The society estimates that thousands of people visited the Institute before it was looted and destroyed by the Nazi. Still, it wasn’t easy to find first-person accounts. When pressed for more details about Hirschfeld one interviewee replied, “I was too busy chasing young boys.  If I had known  that later researchers would have been interested in the old doctors I saw in Berlin, I would have paid better attention.”

 

Raid on the Magnus Hirschfeld Institute for Sexual Science May 6, 1933 (c) Magnus Hirschfeld Gesellschaft.

In May, 1933, Brownshirts ransacked the Institute, burning or destroying many of Hirschfeld’s books and documents.  By this point, Hirschfeld (thankfully) had left Germany on a speaking tour that took him around the world. In San Francisco, he was hailed as “The Einstein of Sex” and in New York thousands of people heard him speak.
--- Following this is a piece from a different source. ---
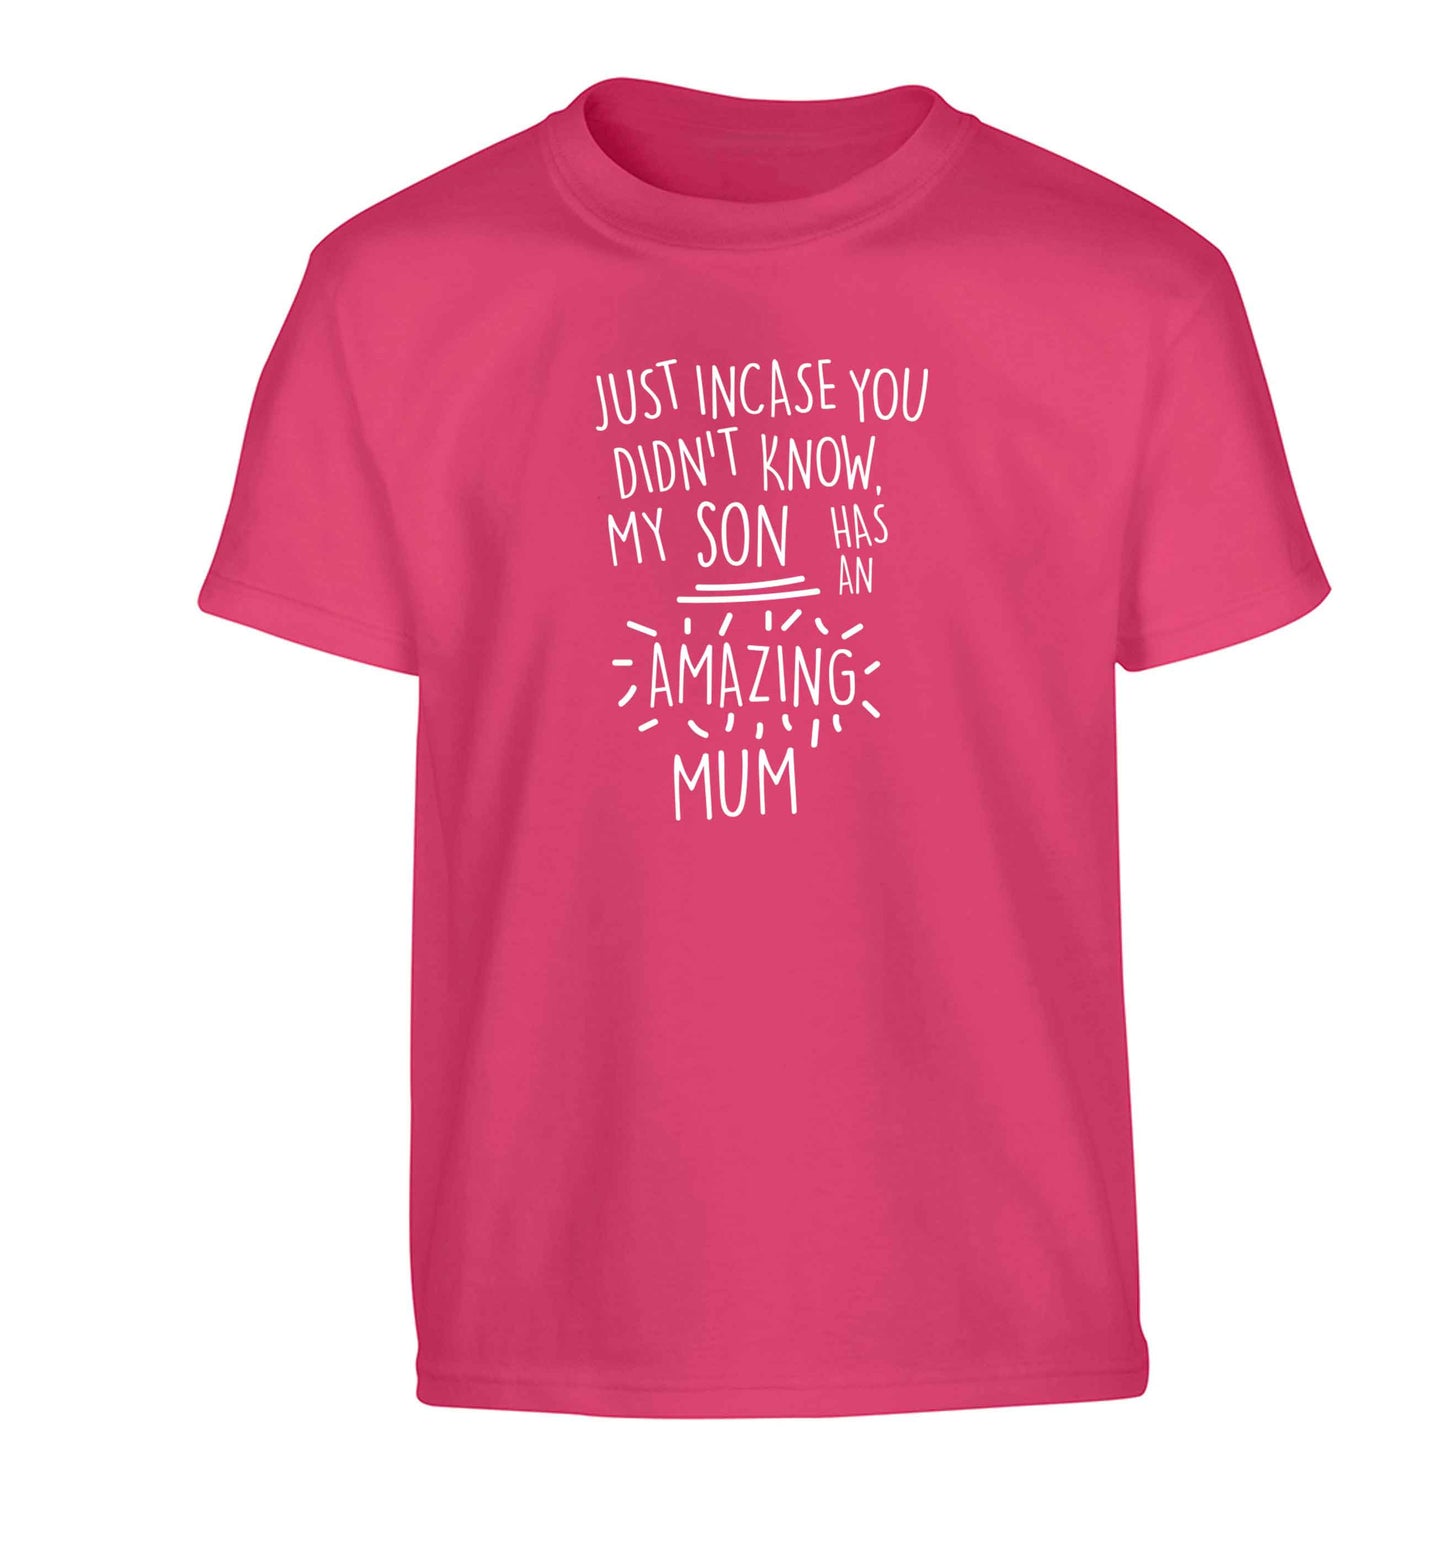 Just incase you didn't know my son has an amazing mum Children's pink Tshirt 12-13 Years

Despite the crowds, very few of the English papers wrote about him. Those who did write about Hirschfeld focused on his ideas about eugenics and how scientists will one day be able to reform marriage by matching partners based on their genes and common interests. They didn’t mention Hirschfeld’s views on homosexuality.
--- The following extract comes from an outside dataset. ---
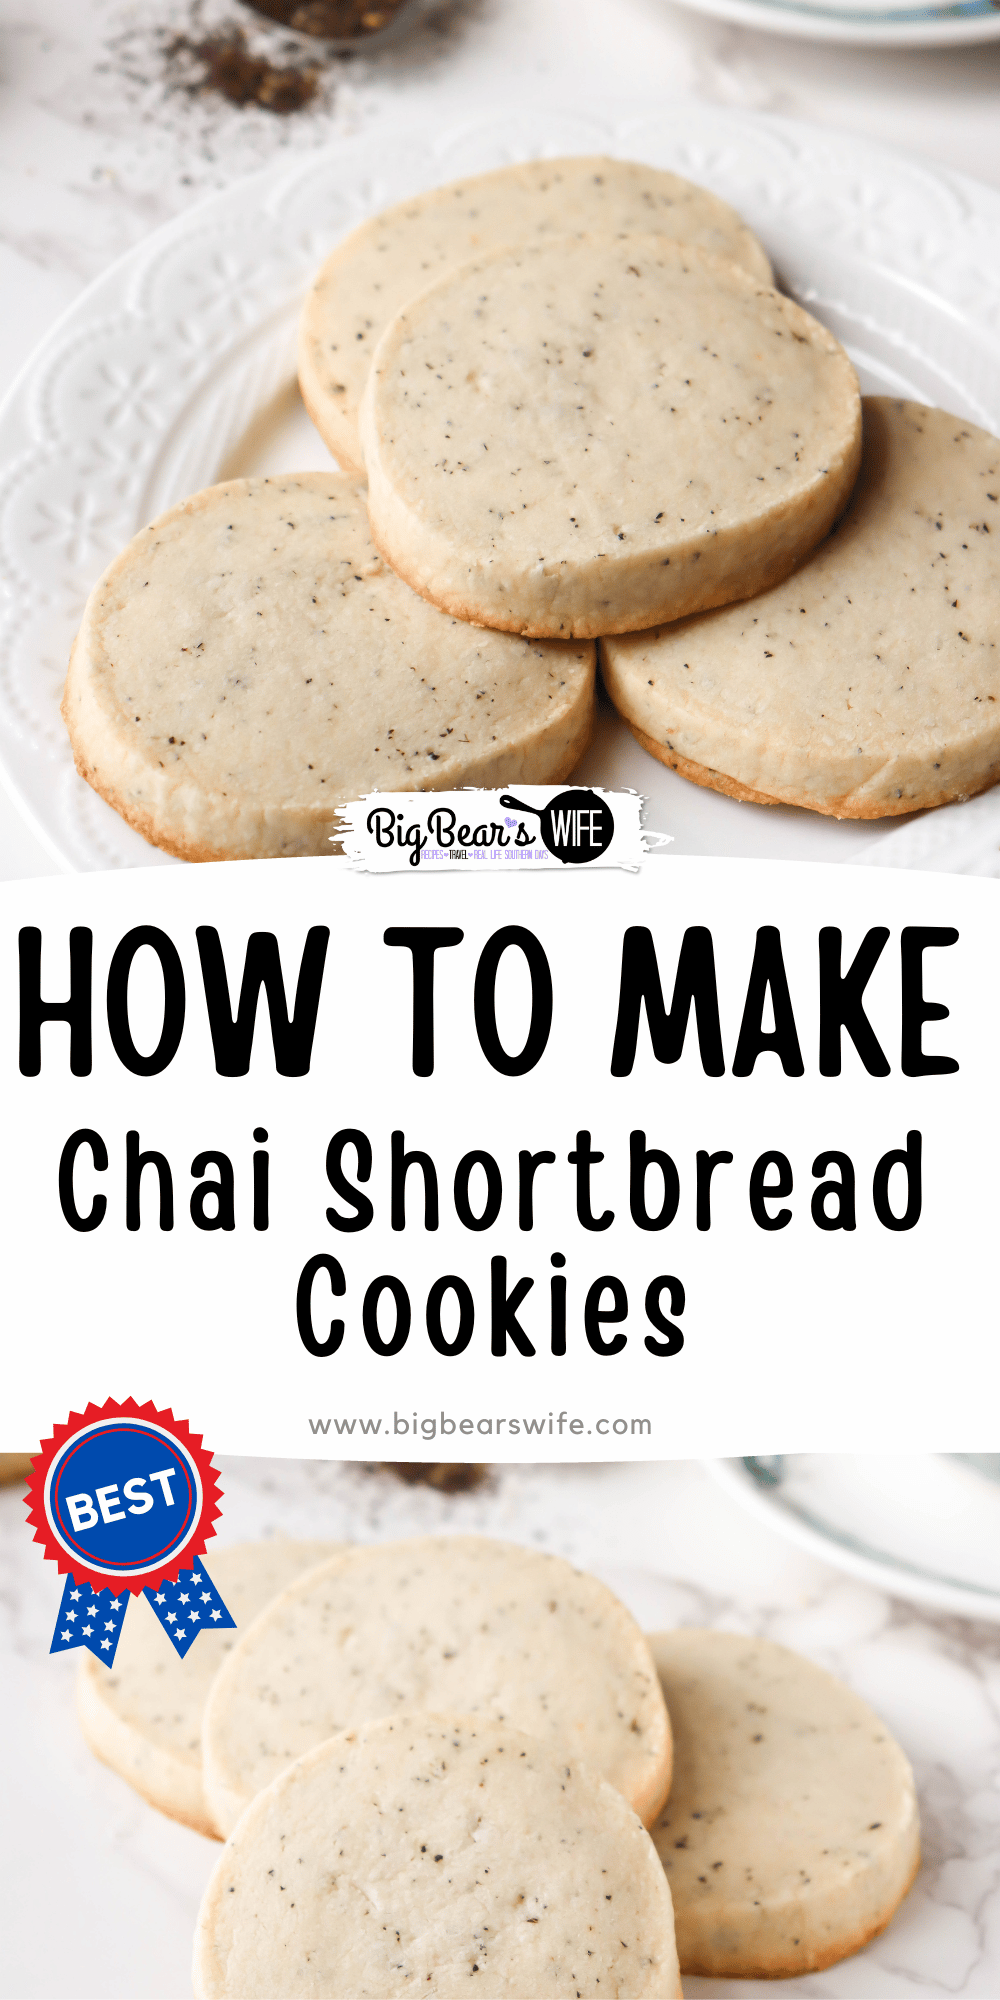 These wonderful slice-and-bake Chai Shortbread Cookies are filled with the warm spices of chai tea and so easy to make. Serve them up with a warm cup of chai, milk or coffee for a cozy treat. via @bigbearswife

Still, there’s no doubt that Hirschfeld left an imprint on the gay community in the U.S. Henry Gerber, attached to the Allied Army of Occupation following World War I, had visited Hirschfeld’s Institute in the 1920’s and absorbed many of Hirschfeld’s ideas. Upon his return to the United States, Gerber was inspired to form the Chicago-based Society for Human Rights in 1924, the first known gay rights organization in the U.S.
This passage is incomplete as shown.